# Dried SRP/wax stains on trim



## iCraig (Aug 9, 2017)

As per the thread title basically, what can I use to remove them?

So far I've tried AG Fast Glass cleaner as by suggested AG and tried Daisy APC but nothing is shifting it.

Any suggestions? 

Thanks,

Craig


----------



## suds (Apr 27, 2012)

:thumb:Some members recommend an eraser so possibly worth a try or for exterior plastic trim a magic sponge might work. Let us know the outcome


----------



## uruk hai (Apr 5, 2009)

Pencil eraser does work well, good luck. :thumb:


----------



## Mikej857 (Jan 17, 2012)

Pencil eraser is what I've always used with great success 

Sent from my SM-G930F using Tapatalk


----------



## Andyblue (Jun 20, 2017)

Neighbour has used their new bumper and trim dressing and this worked for him - have read some people say it doesn't clear it away, just masks it, but it seems to have removed it for him and brought the trim up nice :thumb:


----------



## iCraig (Aug 9, 2017)

Andyblue said:


> Neighbour has used their new bumper and trim dressing and this worked for him - have read some people say it doesn't clear it away, just masks it, but it seems to have removed it for him and brought the trim up nice :thumb:


Yeah I've used that but it only masked it for me.

I'll try the eraser method though that was suggested.


----------



## 66Rob (Sep 25, 2007)

Try peanut butter, 'on a small section first' the oils dissolve the 'wax'.


----------



## Titanium Htail (Mar 24, 2012)

A magic sponge with some apc do not touch the paint....then trim product.

John Tht.

Jim @#whitedetails showed this technique in a recent Vlog.


----------



## Cyclonetog (Jul 22, 2018)

I've read peanut butter a few times in different places, but if that works because of the oil then surely groundnut oil should work?


----------



## fatdazza (Dec 29, 2010)

Go careful with magic sponges, they are quite abrasive. An ipa based glass cleaner works well. As with most cleaning, it is often better to use a chemical cleaner before resorting to abrasives such as magic sponges or pencil erasers.


----------



## iCraig (Aug 9, 2017)

66Rob said:


> Try peanut butter, 'on a small section first' the oils dissolve the 'wax'.


I think the wife would object to me using her peanut butter on my car!:lol:


----------



## 66Rob (Sep 25, 2007)

:lol:

Give it a go (shh don't tell her :wave, it does work..


----------



## iCraig (Aug 9, 2017)

66Rob said:


> :lol:
> 
> Give it a go (shh don't tell her :wave, it does work..

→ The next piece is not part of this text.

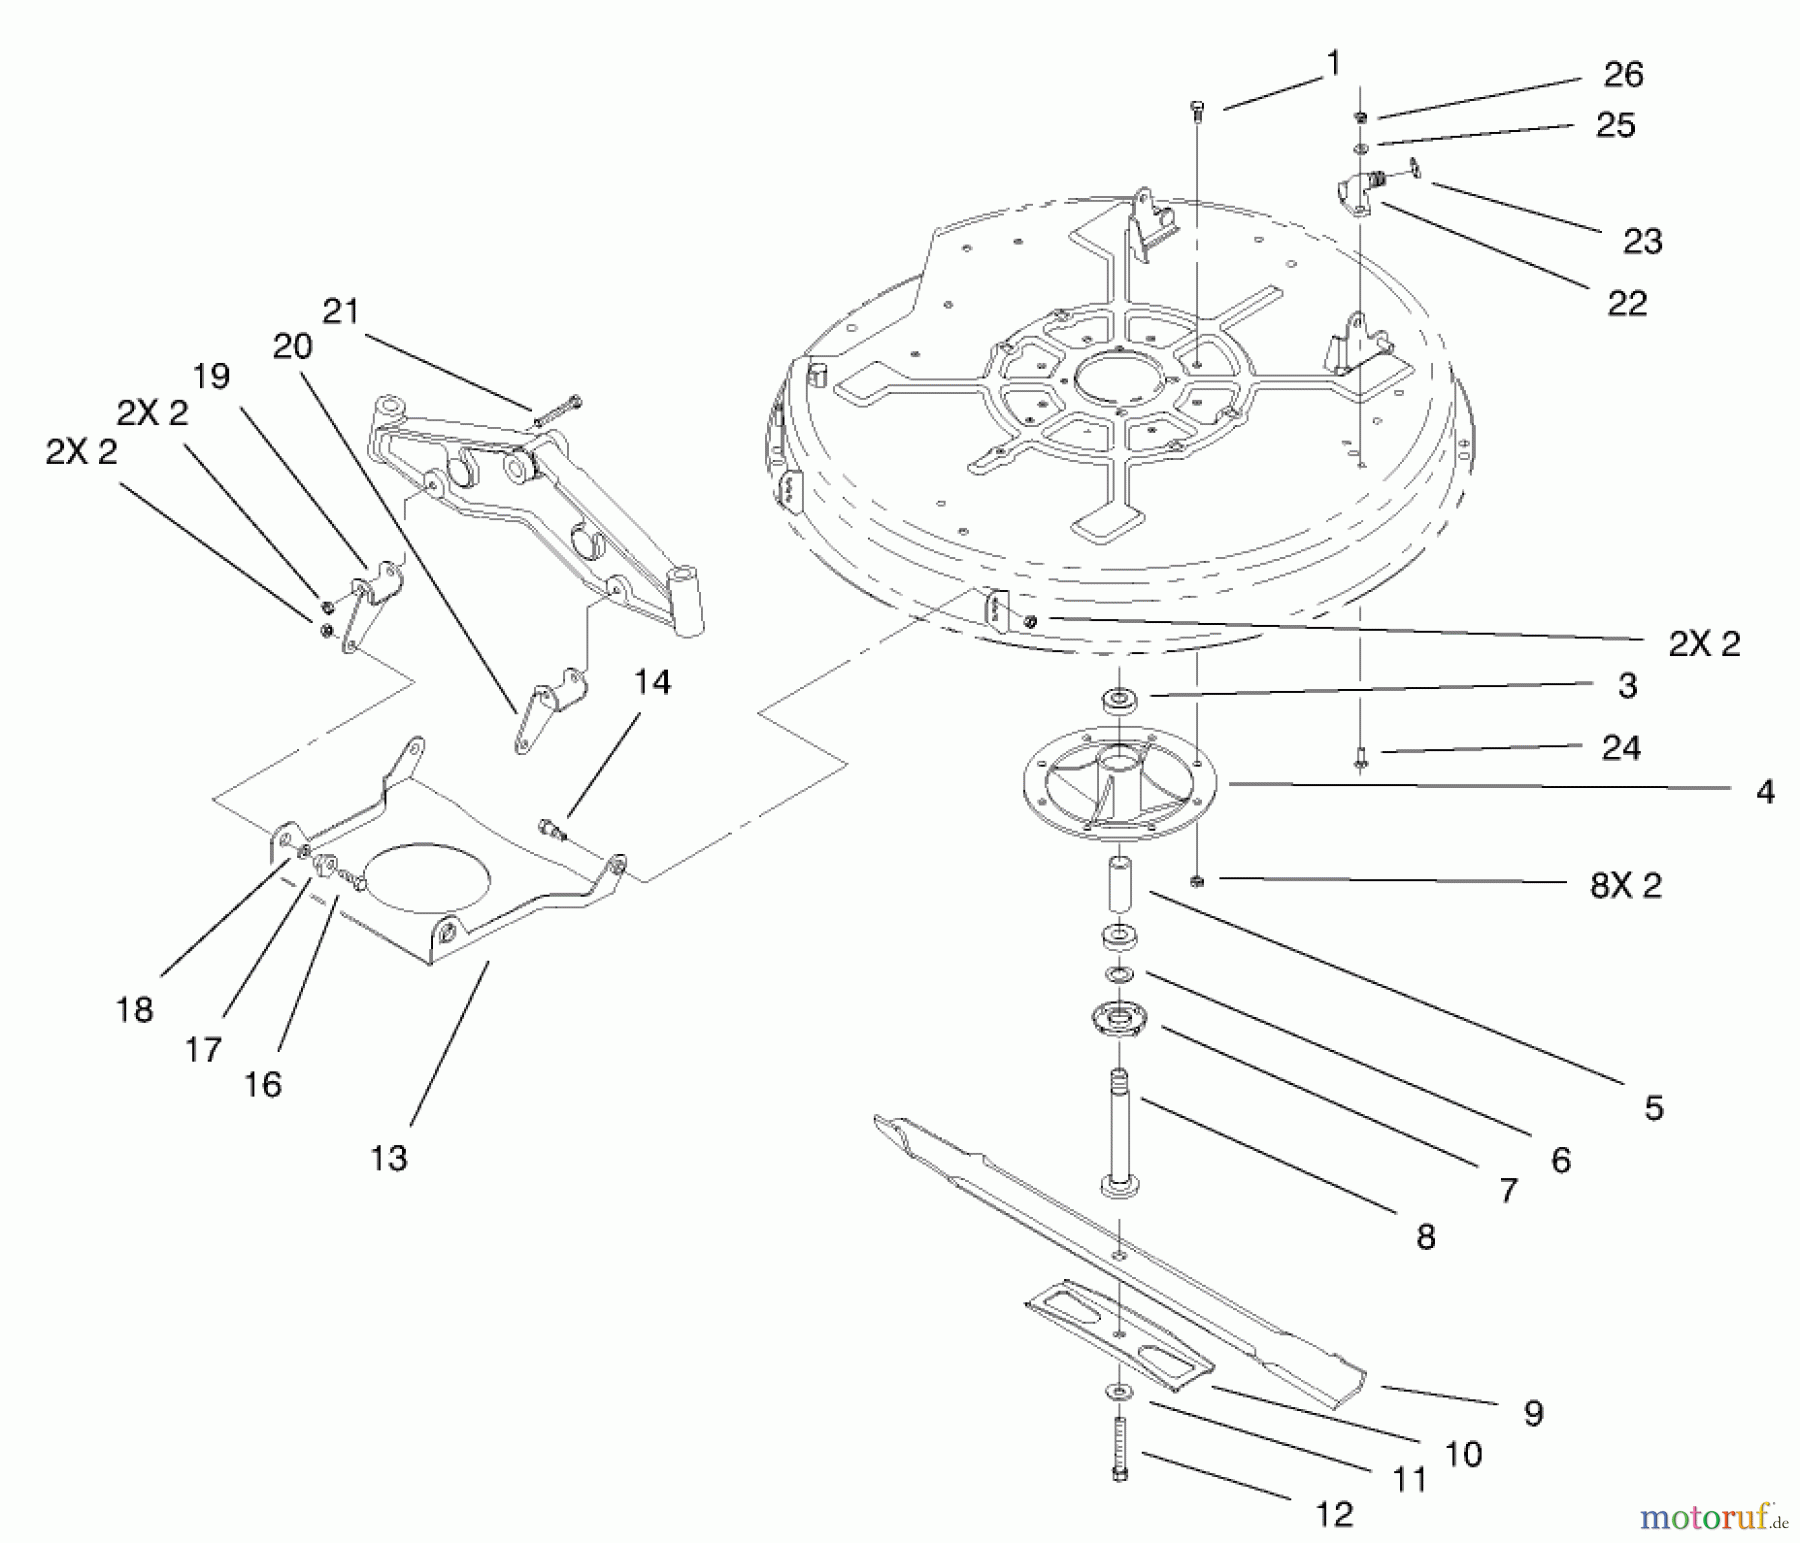  Toro Neu Mowers, Lawn & Garden Tractor Seite 1 71301 (12.5-32XLE) - Toro 12.5-32XLE Lawn Tractor, 2001 (210000001-210999999) DECK COMPONENTS ASSEMBLY

Are we talking crunchy or smooth? :lol:


----------



## pxr5 (Feb 13, 2012)

iCraig said:


> Are we talking crunchy or smooth? :lol:


Is that wives or peanut butter? :doublesho


----------



## Andyblue (Jun 20, 2017)

iCraig said:


> Are we talking crunchy or smooth? :lol:





pxr5 said:


> Is that wives or peanut butter? :doublesho


:lol::lol:


----------



## Guest (Aug 17, 2018)

G3Pro multi cleaner ! 

spray leave to dwell then agitate with a stiff brush.


----------



## riskypicker (Apr 16, 2014)

APC for plastic or Adams Tyre/Rubber cleaner for window rubber type trim.


----------



## Autoglym (Apr 10, 2008)

Intensive Tar Remover on a microfibre, scrub the area, that will do it. That will definitely do it.


----------